Stool and swab samples collected in the acute stage of the disease, before antibiotics have been administered, are the most useful specimens for laboratory diagnosis. If an epidemic of cholera is suspected, the most common causative agent is V. cholerae O1. If V. cholerae serogroup O1 is not isolated, the laboratory should test for V. cholerae O139. However, if neither of these organisms is isolated, it is necessary to send stool specimens to a reference laboratory. Infection with V. cholerae O139 should be reported and handled in the same manner as that caused by V. cholerae O1. The associated diarrheal illness should be referred to as cholera and must be reported in the United States.[16]
A number of special media have been employed for the cultivation for cholera vibrios. They are classified as follows:
Enrichment media
- Alkaline peptone water at pH 8.6
- Monsur's taurocholate tellurite peptone water at pH 9.2
Plating media
- Alkaline bile salt agar (BSA): The colonies are very similar to those on nutrient agar.
- Monsur's gelatin Tauro cholate trypticase tellurite agar (GTTA) medium: Cholera vibrios produce small, translucent colonies with a greyish-black center.
- TCBS medium: This is the mostly widely used medium; it contains thiosulphate, citrate, bile salts and sucrose. Cholera vibrios produce flat, 2–3-mm-diameter, yellow-nucleated colonies.
Direct microscopy of stool is not recommended, as it is unreliable. Microscopy is preferred only after enrichment, as this process reveals the characteristic motility of Vibrio and its inhibition by appropriate antisera. Diagnosis can be confirmed, as well as serotyping done by agglutination with specific sera.
Prevention
Although cholera may be life-threatening, prevention of the disease is normally straightforward if proper sanitation practices are followed. In developed countries, due to nearly universal advanced water treatment and sanitation practices, cholera is no longer a major health threat. The last major outbreak of cholera in the United States occurred in 1910–1911.[17][18] Effective sanitation practices, if instituted and adhered to in time, are usually sufficient to stop an epidemic. There are several points along the cholera transmission path at which its spread may be halted:
- Sterilization: Proper disposal and treatment of infected fecal waste water produced by cholera victims and all contaminated materials (e.g. clothing, bedding, etc.) are essential. All materials that come in contact with cholera patients should be sanitized by washing in hot water, using chlorine bleach if possible. Hands that touch cholera patients or their clothing, bedding, etc., should be thoroughly cleaned and disinfected with chlorinated water or other effective antimicrobial agents.

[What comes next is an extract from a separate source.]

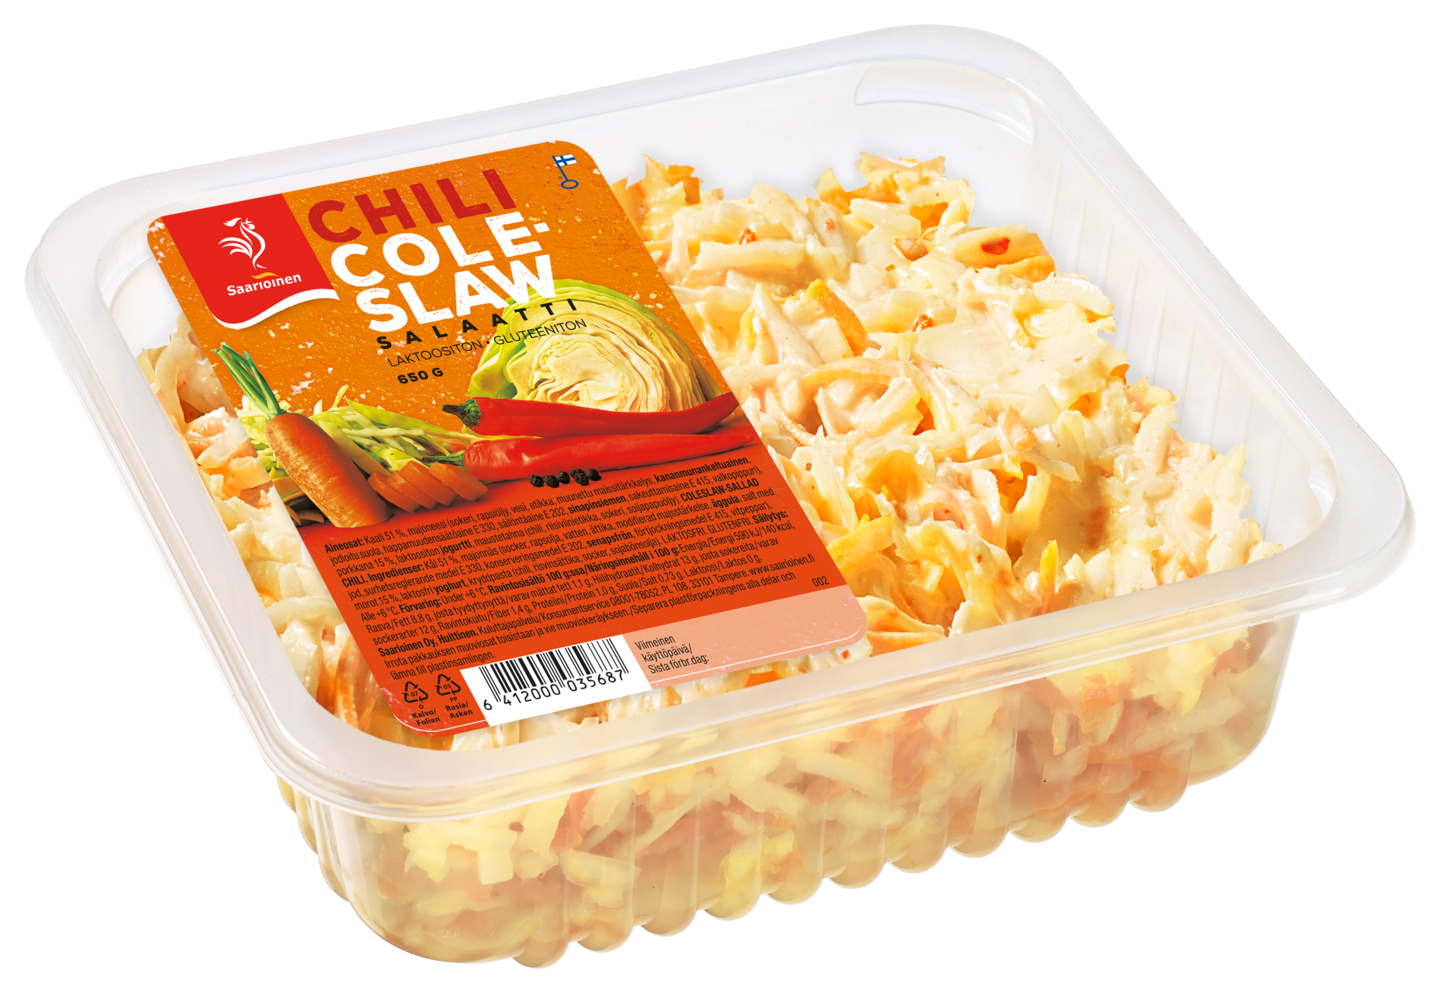 Saarioinen coleslaw-salaatti chili 650g | K-Ruoka Verkkokauppa

- Sewage: antibacterial treatment of general sewage by chlorine, ozone, ultraviolet light or other effective treatment before it enters the waterways or underground water supplies helps prevent undiagnosed patients from inadvertently spreading the disease.
- Sources: Warnings about possible cholera contamination should be posted around contaminated water sources with directions on how to decontaminate the water (boiling, chlorination etc.) for possible use.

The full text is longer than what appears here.